DK Srivastava, the chief policy advisor at global consultant EY India said major global economies will support ‘Make in India’ in the post-Covid era as they are making a conscious effort to relocate their manufacturing activities away from China.
“India is an attractive destination in the medium to long term because of its high share of working age population. In terms of policy support, the CIT [corporate income-tax] reforms undertaken last year will come in handy. A 15% CIT rate for new manufacturing units is highly competitive,” he said.
He, however, emphasised on additional government support in terms of allocation of land by involving states who have large readily available land banks.
The second official quoted above said ‘Make in India’ is not just confined to brick and mortar sectors. “The government is considering to encourage Indian enterprises in domestically-deleveloped services such as e-commerce parallel to global giants such as Amazon and Flipkart,” he said.
The Department for Promotion of Industry and Internal Trade (DPIIT) along with domestic retailers is planning to develop a national e-commerce platform that can be utilised by over 70 million kirana stores to deliver goods online. The platform will connect domestic manufacturers, distributors, wholesalers, retailers and consumers, the official said.
Experts said the government must look beyond domestic market. Srivastava said India’s primary strength lies in services sector and labour intensive and skill intensive manufacturing. “This is why we have export advantages in traditional areas such as gems and jewellery and modern areas such as engineering goods and pharmaceuticals. In the longer run we have to focus not only on ‘Make-in-India’ but also on developing exports both in manufacturing and services,” he said.
Federation of Indian Export Organisation (FIEO) president Sharad Kumar Saraf said post-Covid is likely to result in a paradigm shift of manufacturing of all types of products from China. Make in India is an ongoing initiative. But issues of land, labour and uncertainty in taxation are limiting the success of the programme.

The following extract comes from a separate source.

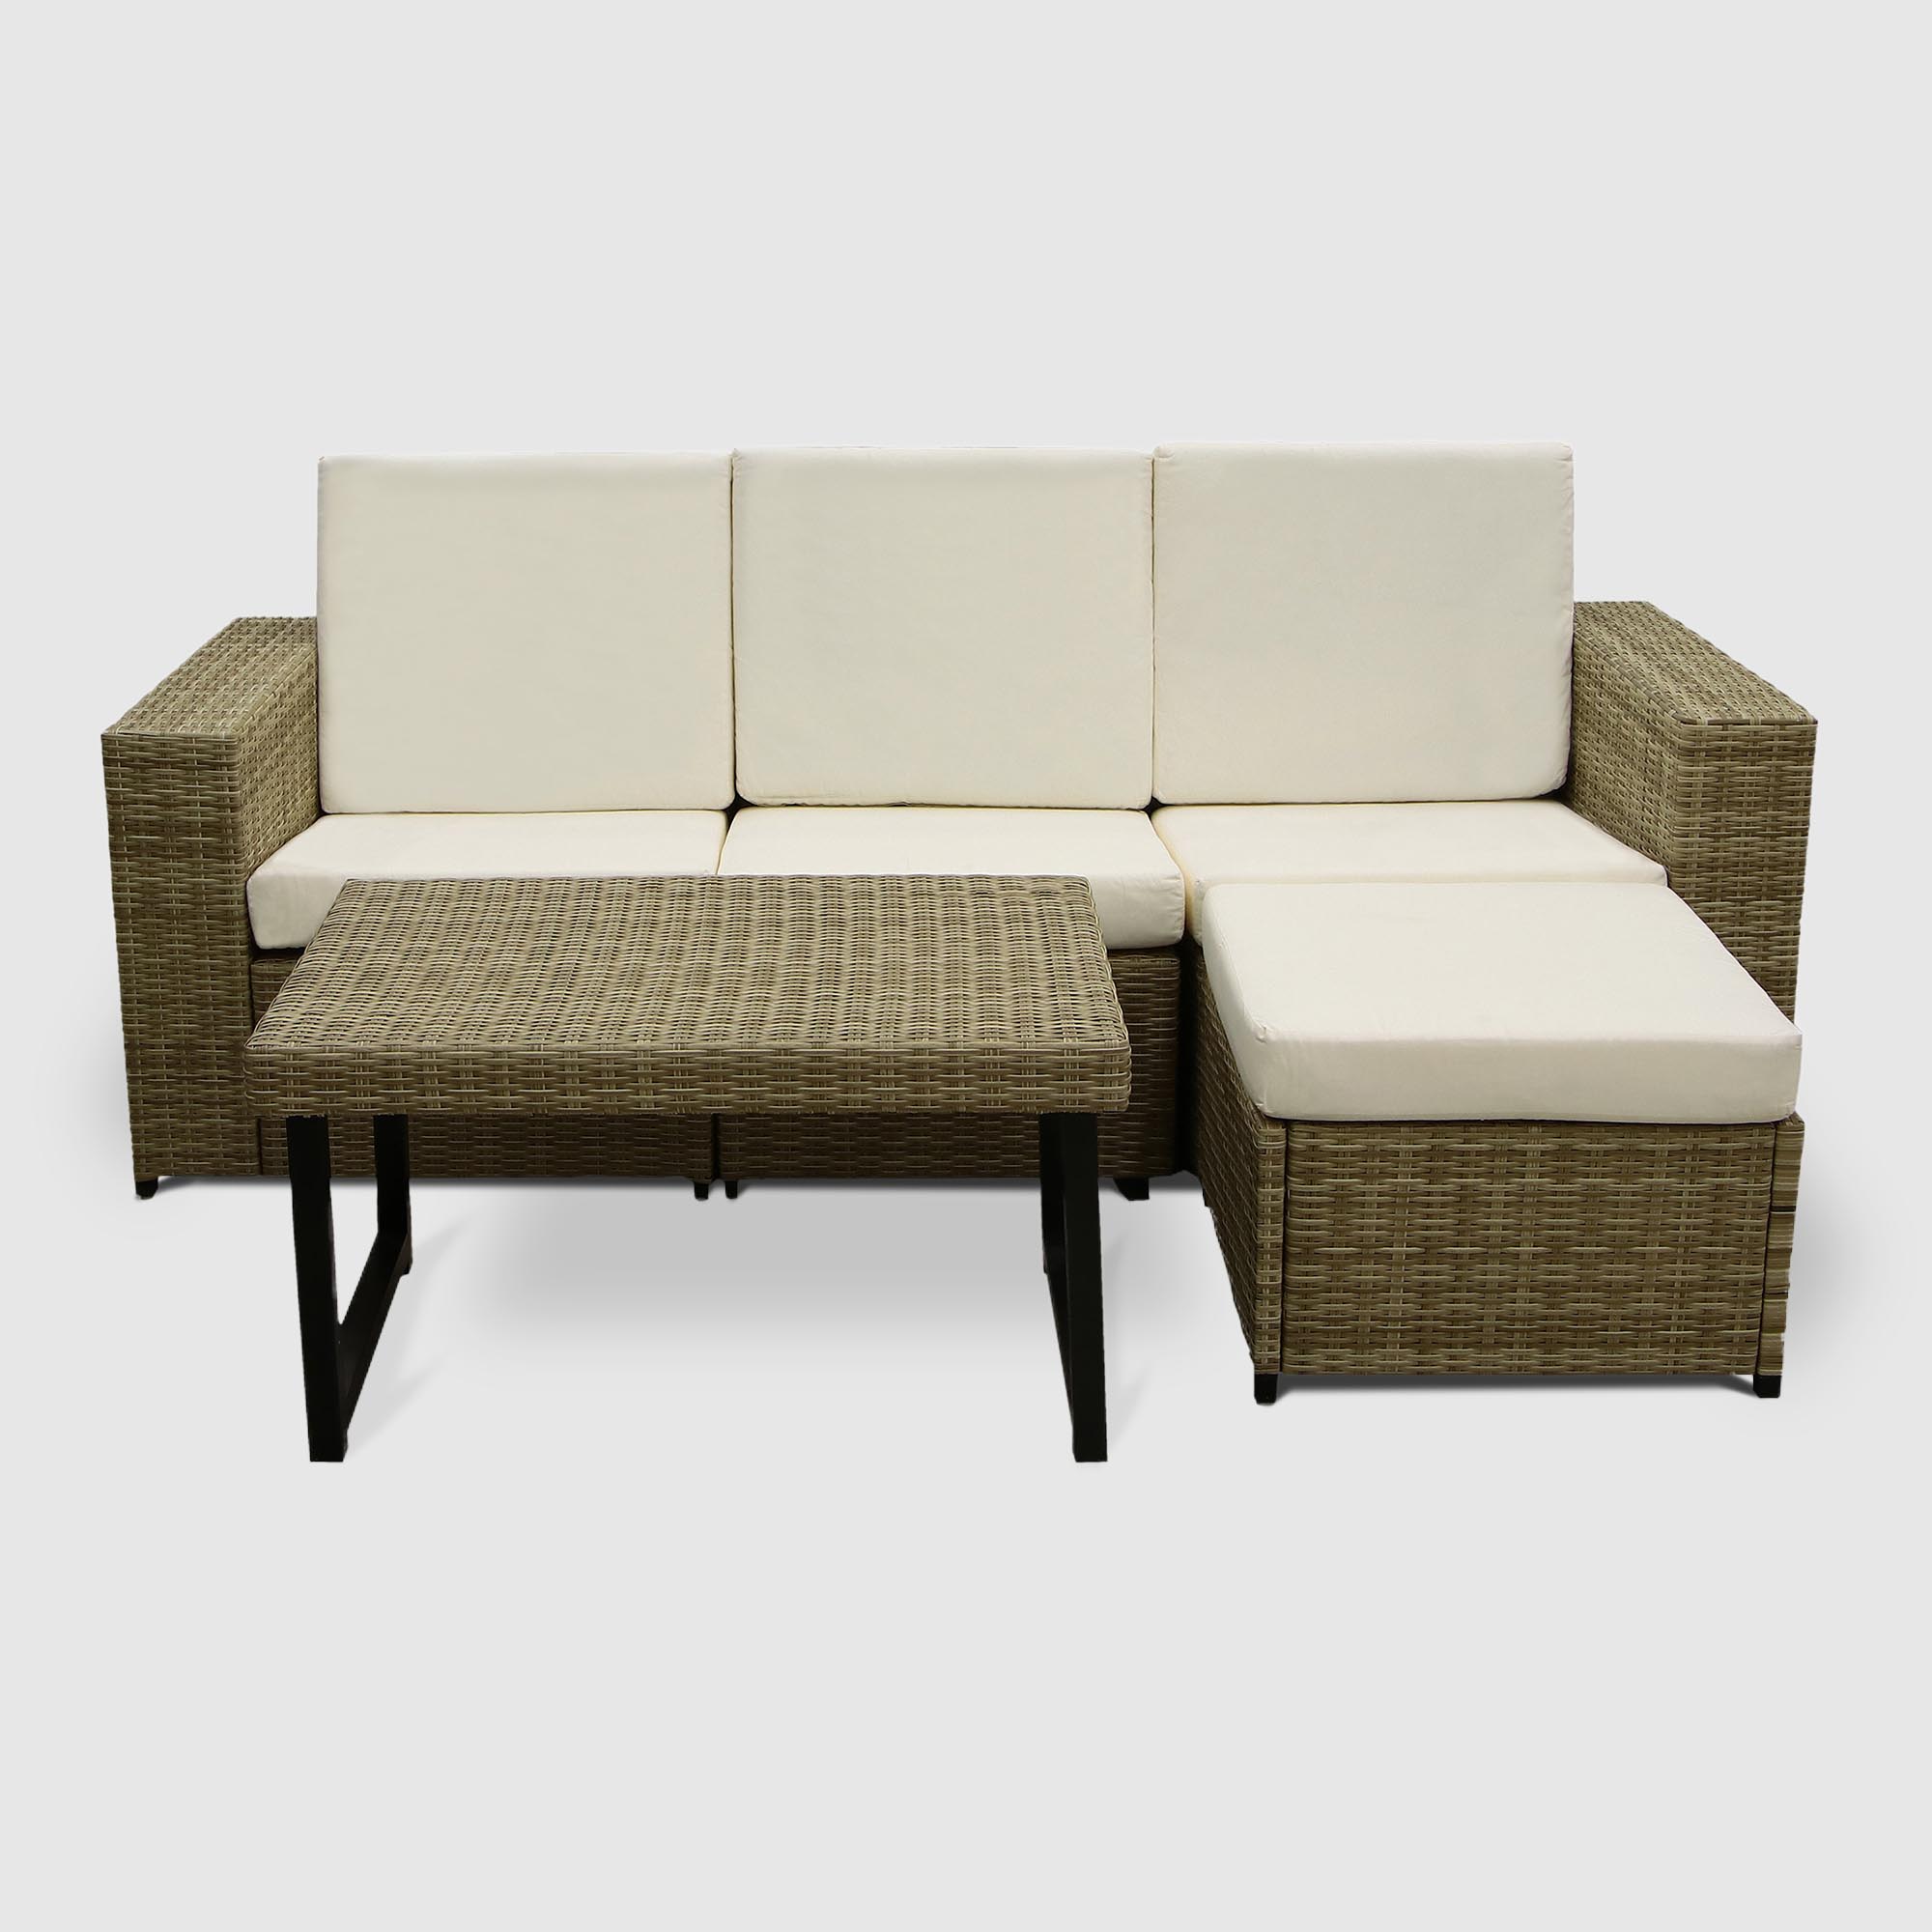 Комплект мебели Rattan grand 2 предмета, цвет коричневый, размер 220х85х82 - фото 1

“Radical reforms are needed in all three areas. What more we need is policy and fiscal incentives in terms of ease of doing business, easy availability of finance for the industry and above all better infrastructure including both transport and logistics,” he said. India’s strength lies in sectors like engineering goods, auto components, textiles, leather, apparel and garments, gems and jewellery, drugs and pharmaceuticals, organic and inorganic chemicals, food and food products, handicrafts, and carpets, he added.
He said India can promote manufacturing of high-end technology products like China. “However with China being looked at with susceptism globally, we need to capture the attention of the global business community with the support of the government in not only promoting manufacturing in our country but also Brand India products across the world,” he said.

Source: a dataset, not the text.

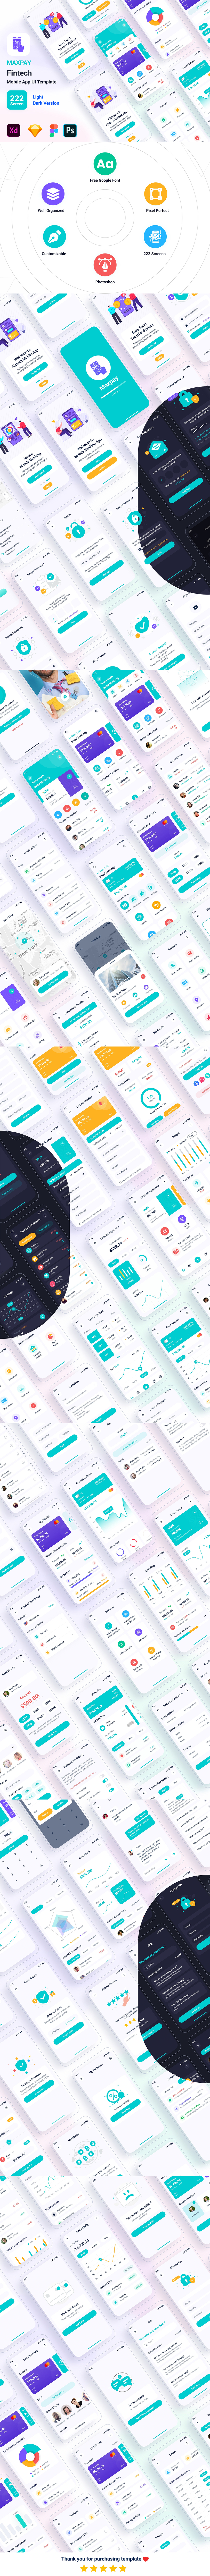 app Bank banking app Case Study currency fintech app ios Mobile app ui design UX design

According to official data, India’s overall exports -- merchandise and services combined -- was $528.45 billion in the last financial year ended march 31, 2020, about 1.36% decline over the previous year. Overall imports also saw a negative annual growth of 6.33% in April 2019-March 2020 at $598.61 billion.
India-China bilateral trade is heavily tilted in favour of China. According to trade figures released by the General Administration of Customs of China (GACC) in mid-January 2020, India’s trade deficit with China was $56.77 billion in 2019 while the bilateral trade between the two countries was about $92.68 billion that year, a 1.6% annual increase.